After loudly demanding additional measures on two Labor housing bills, the Greens finally relented and passed both without amendment in the last session of Parliament in November.

During the previous deadlock, the Greens were often forced to defend themselves against Labor attacks, claiming they were frustrating efforts to help renters and first-home buyers, two core potential support groups.

Both Labor and the Coalition have turned against the Greens over condemnation of Israel’s military actions in Gaza and across the Middle East.

Prime Minister Anthony Albanese accused the Greens of supporting violent protest actions and upsetting many voters by falsely claiming that Australia’s role in the conflict was contributing to “genocide”.

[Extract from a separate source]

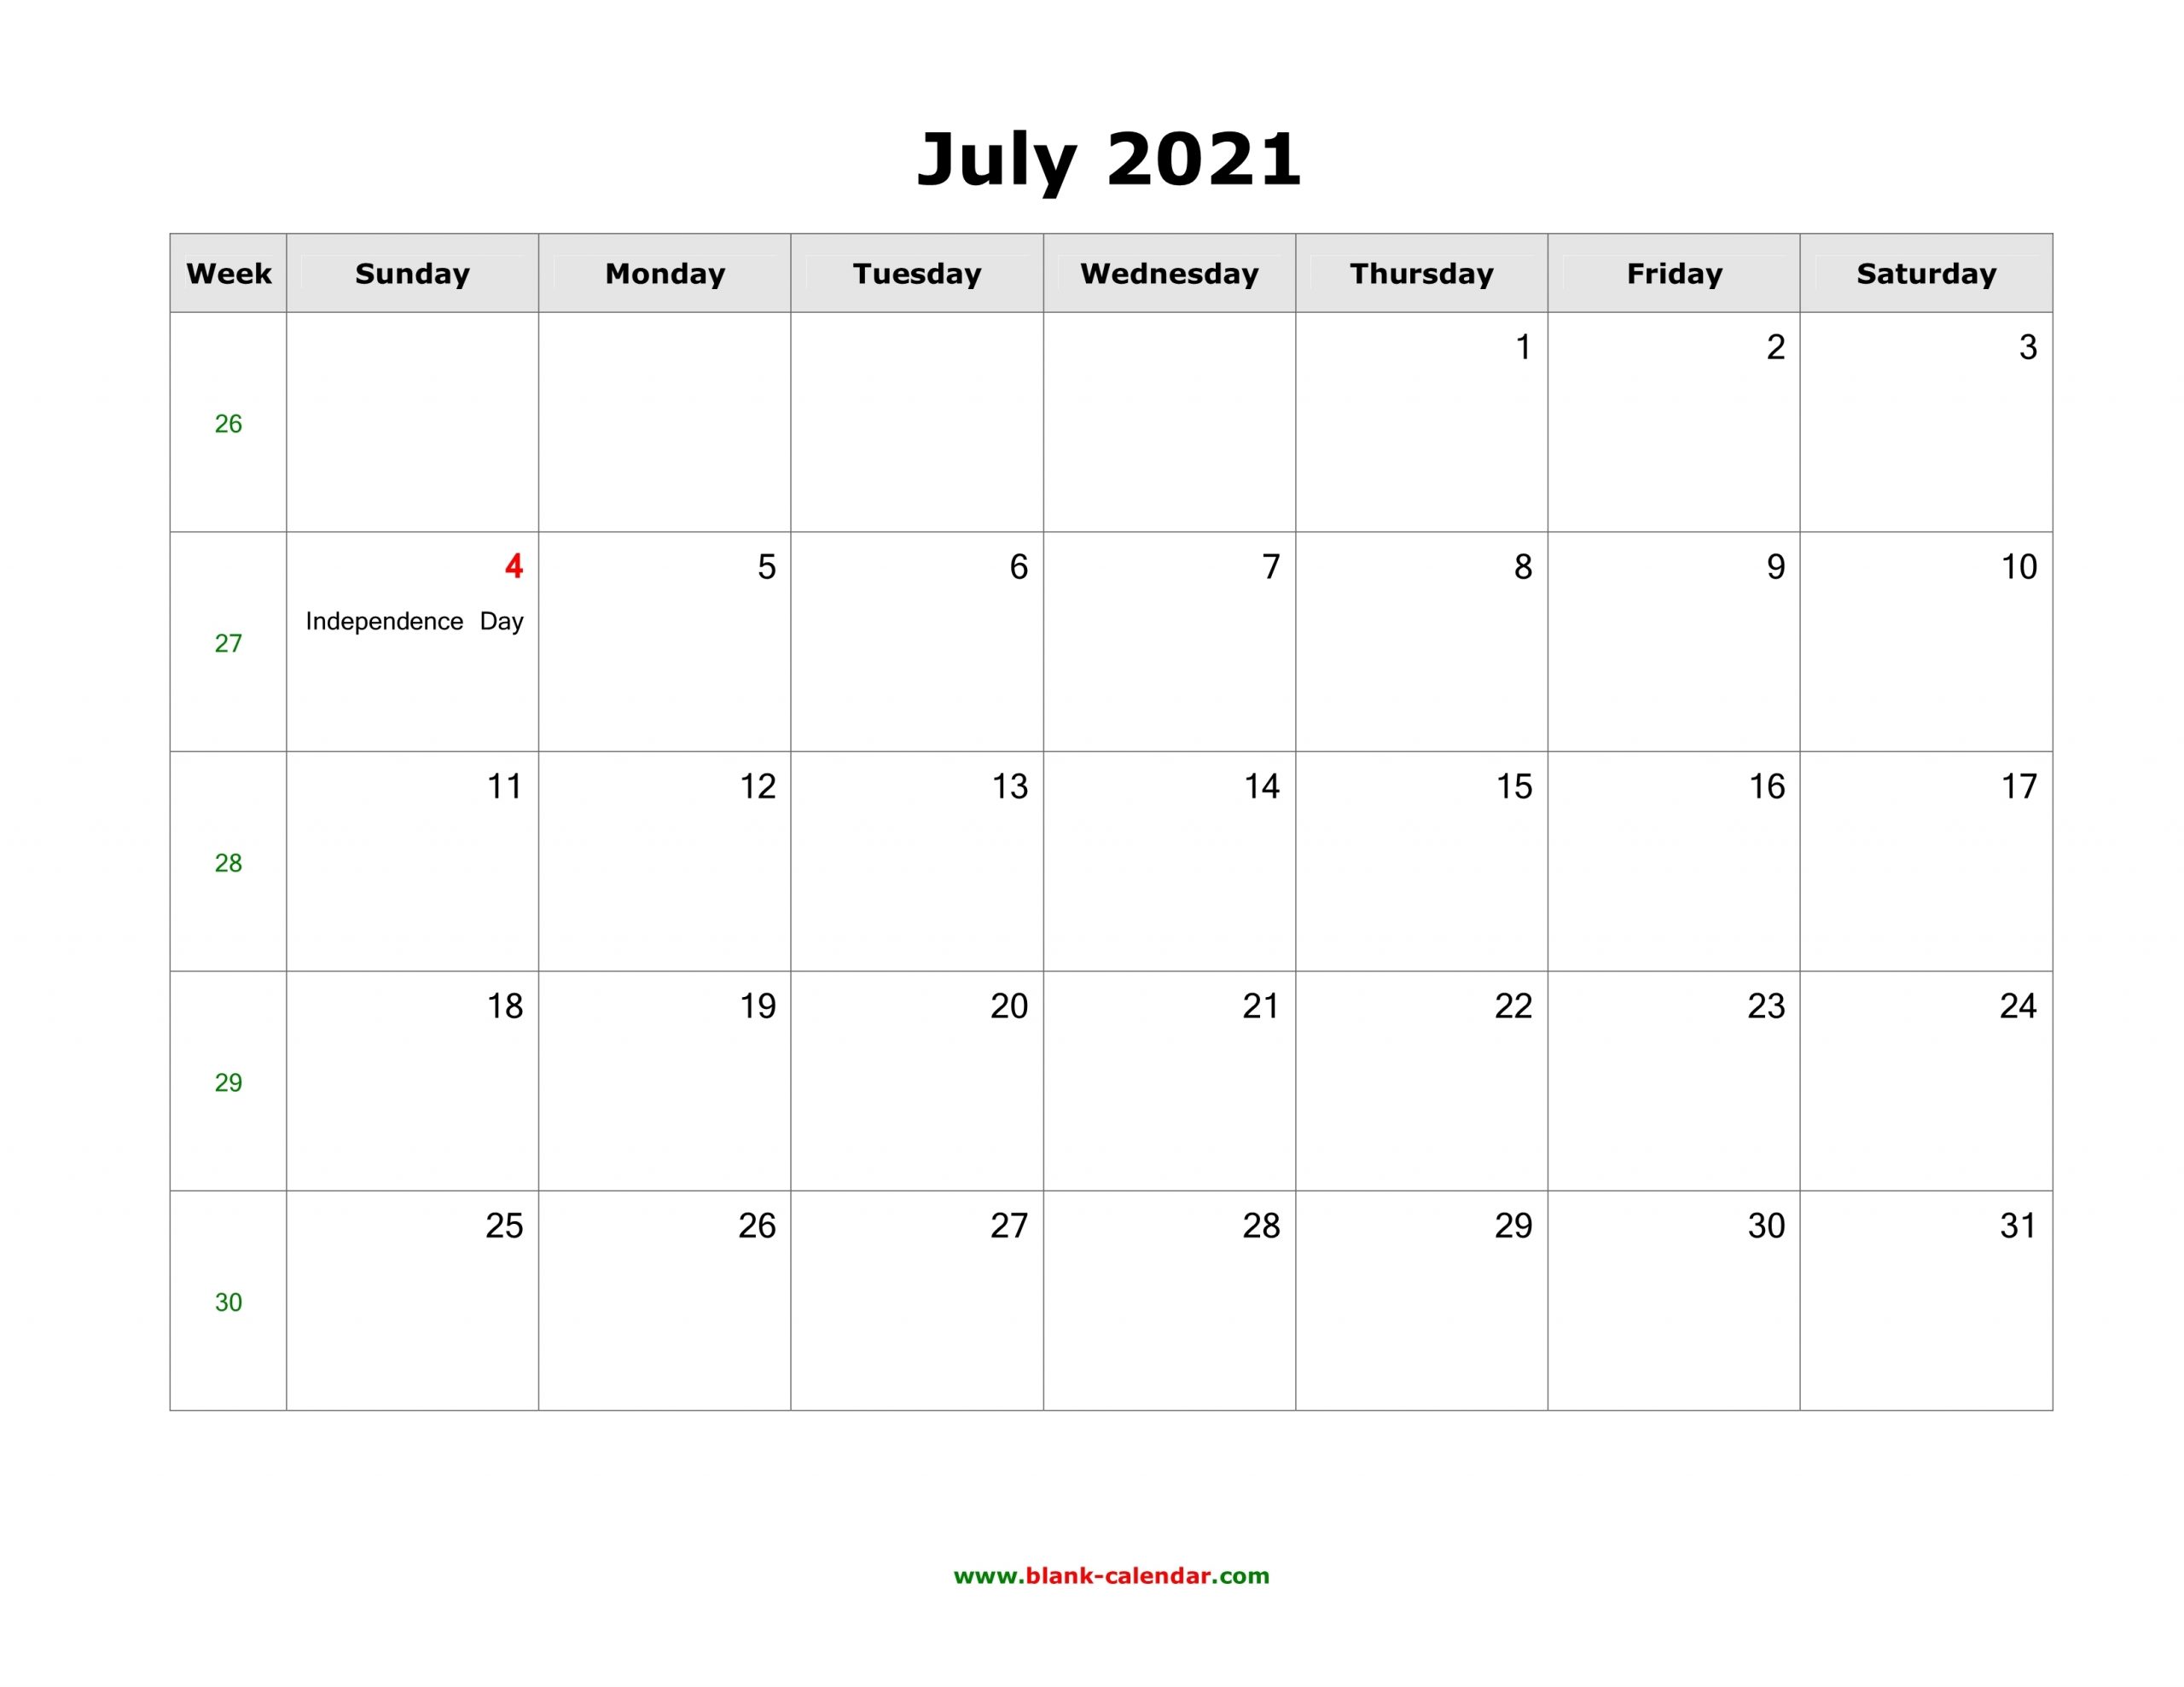 July 2021 Blank Calendar | Free Download Calendar Templates

“It is tragic that the legitimate aspirations of the Palestinian people are being undermined by some people engaging in activities that completely alienate the Australian public,” he said in June.

“It is unacceptable that some Green senators and MPs who took part in this out-of-office and online demonstration knowingly and deliberately spread misinformation.”

The bombing of Melbourne’s Adass Israel synagogue earlier this month led to accusations that pro-Palestinian protests, largely supported by the Greens, have led to a rise in violent antisemitism.

New polls, conducted for The Australian, have also shown support for the Greens fell nationally over the last quarter from 13 per cent to 12 per cent.